* **What the exercise asks**
All of the data that follows should be given again exactly, without its images.

* **Given data**
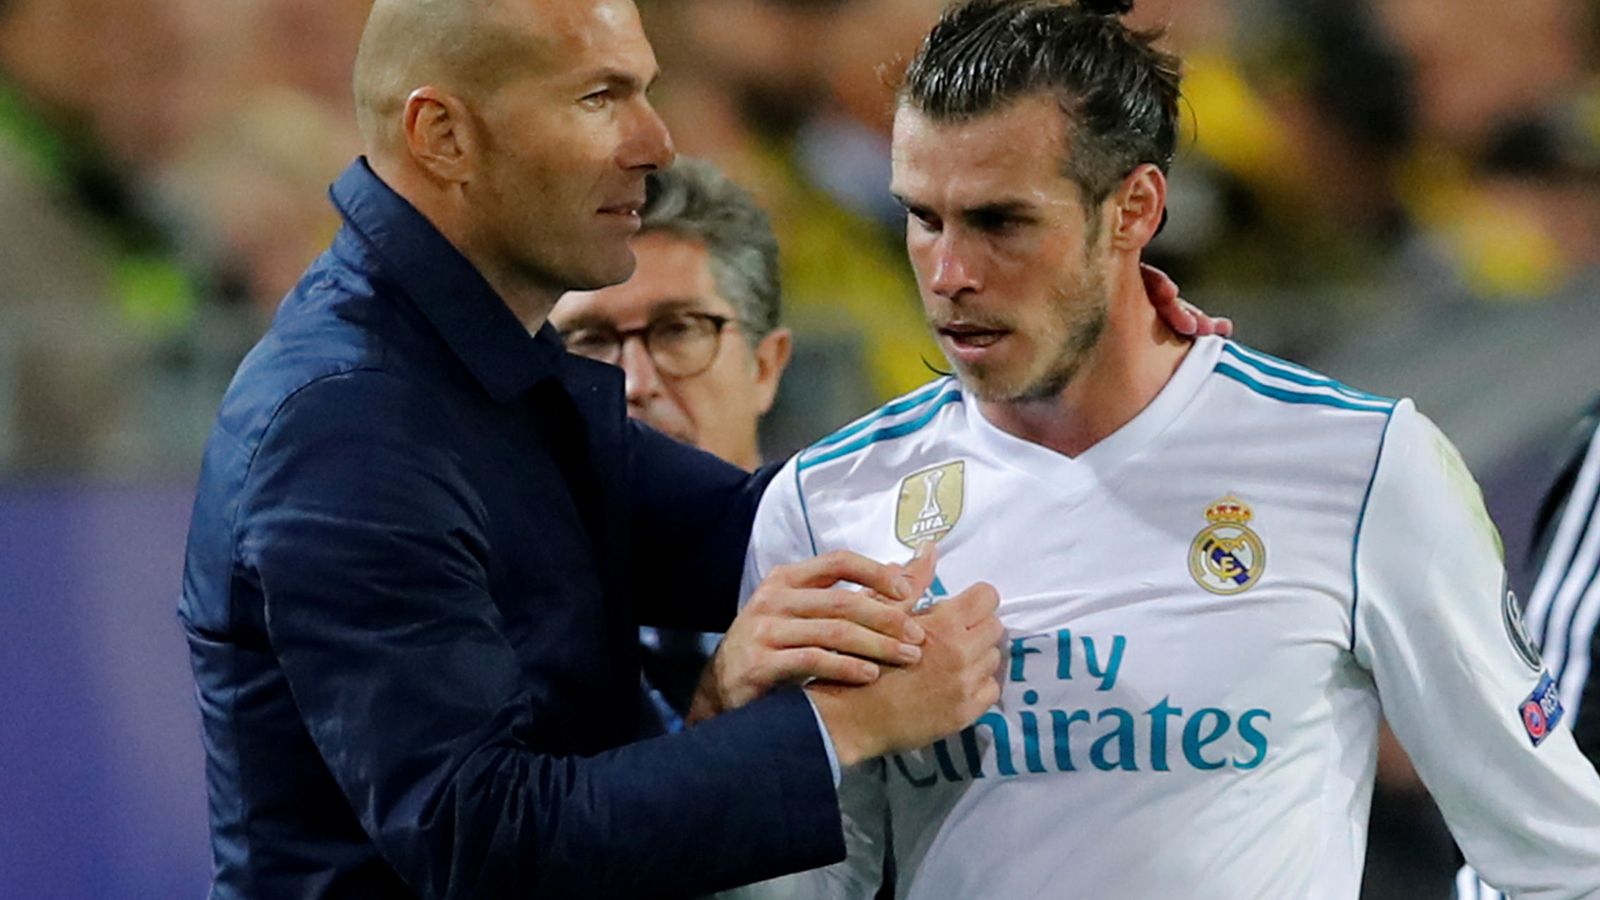 Foto: Zidane saluda a Bale tras sustituirle en el partido de Champions contra el Dortmund. (Reuters)
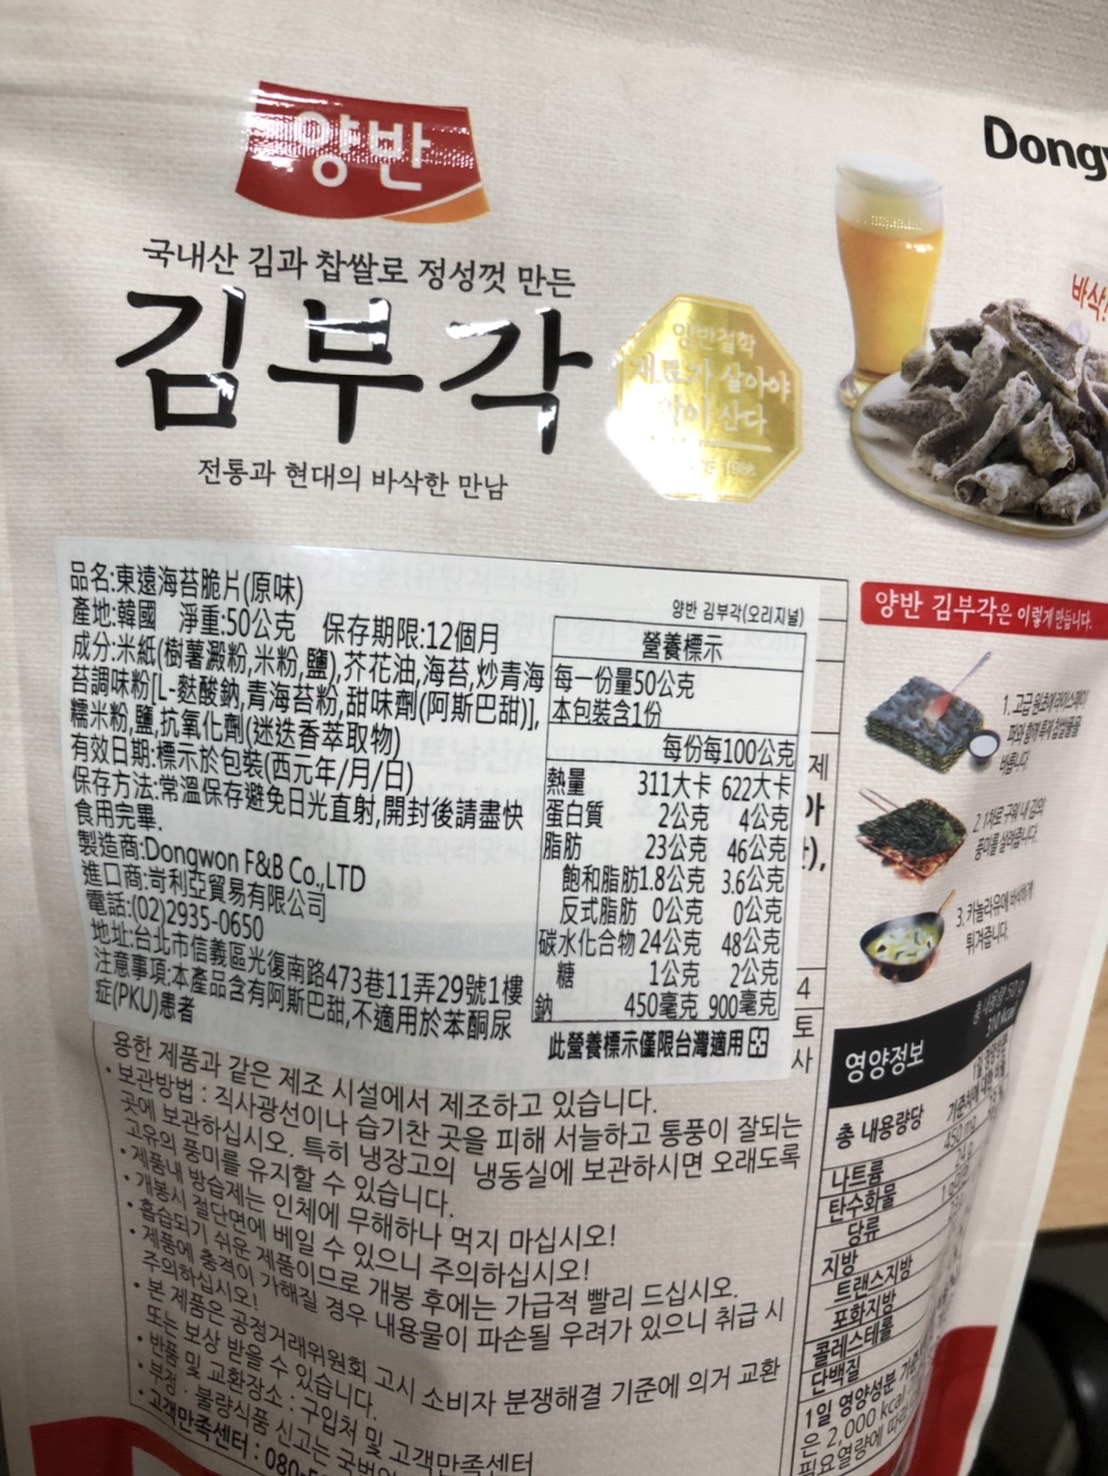 【東遠】韓國熱銷海苔脆餅50g 原味／蒜味／蝦味
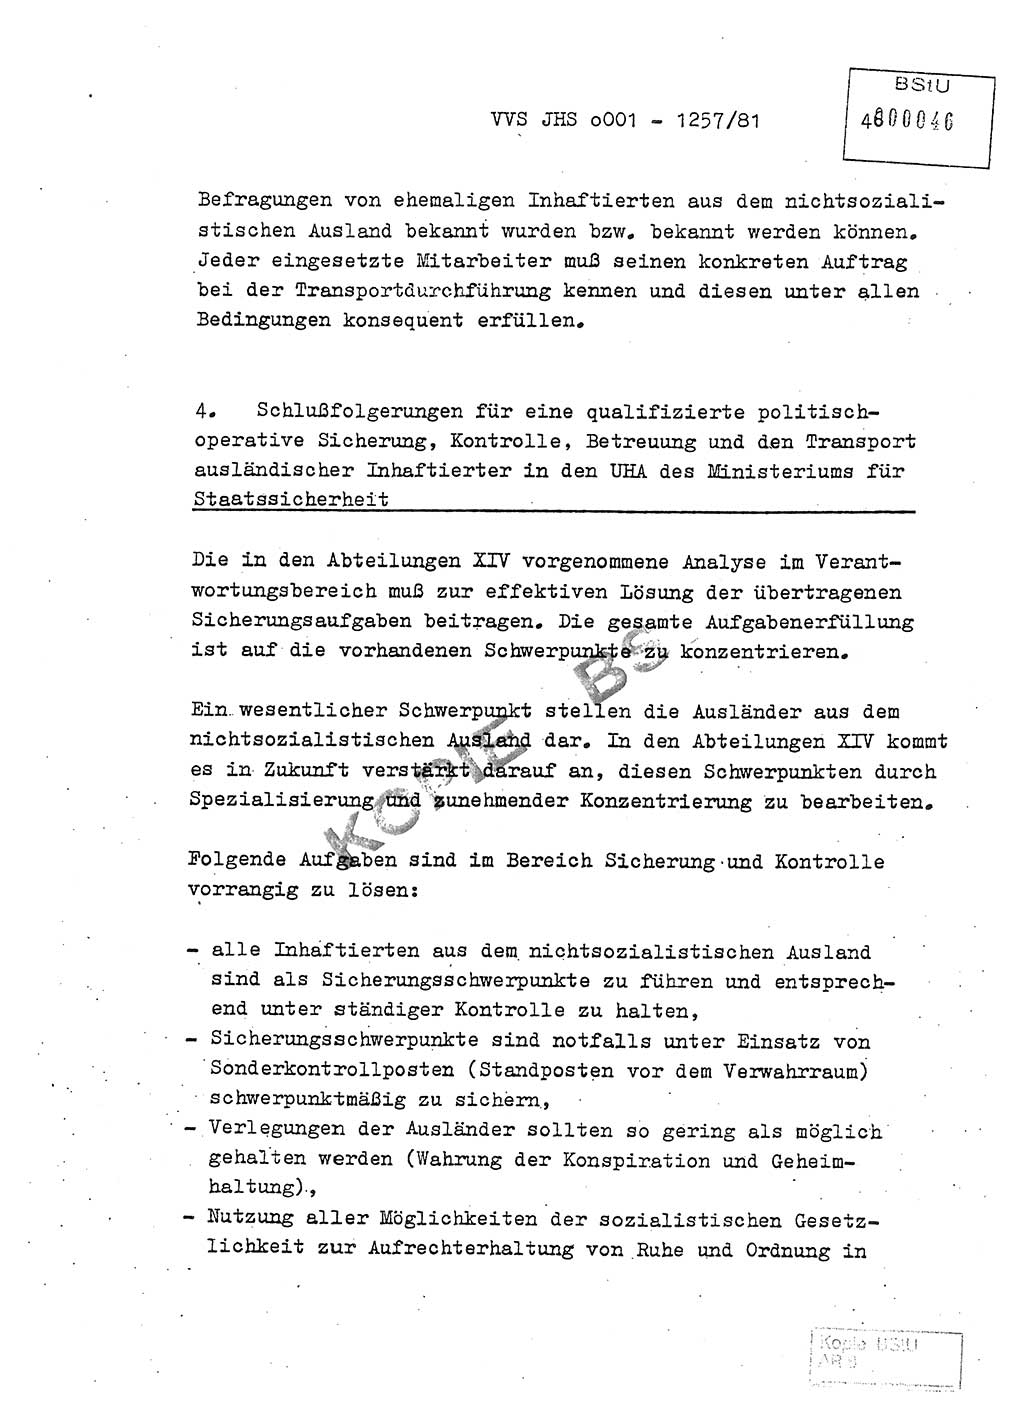 Fachschulabschlußarbeit Unterleutnant Dieter Möller (BV Rst. Abt. ⅩⅣ), Ministerium für Staatssicherheit (MfS) [Deutsche Demokratische Republik (DDR)], Juristische Hochschule (JHS), Vertrauliche Verschlußsache (VVS) o001-1257/81, Potsdam 1982, Seite 46 (FS-Abschl.-Arb. MfS DDR JHS VVS o001-1257/81 1982, S. 46)

* **Task response**
 Foto: Zidane saluda a Bale tras sustituirle en el partido de Champions contra el Dortmund. (Reuters)
 【東遠】韓國熱銷海苔脆餅50g 原味／蒜味／蝦味
 Fachschulabschlußarbeit Unterleutnant Dieter Möller (BV Rst. Abt. ⅩⅣ), Ministerium für Staatssicherheit (MfS) [Deutsche Demokratische Republik (DDR)], Juristische Hochschule (JHS), Vertrauliche Verschlußsache (VVS) o001-1257/81, Potsdam 1982, Seite 46 (FS-Abschl.-Arb. MfS DDR JHS VVS o001-1257/81 1982, S. 46)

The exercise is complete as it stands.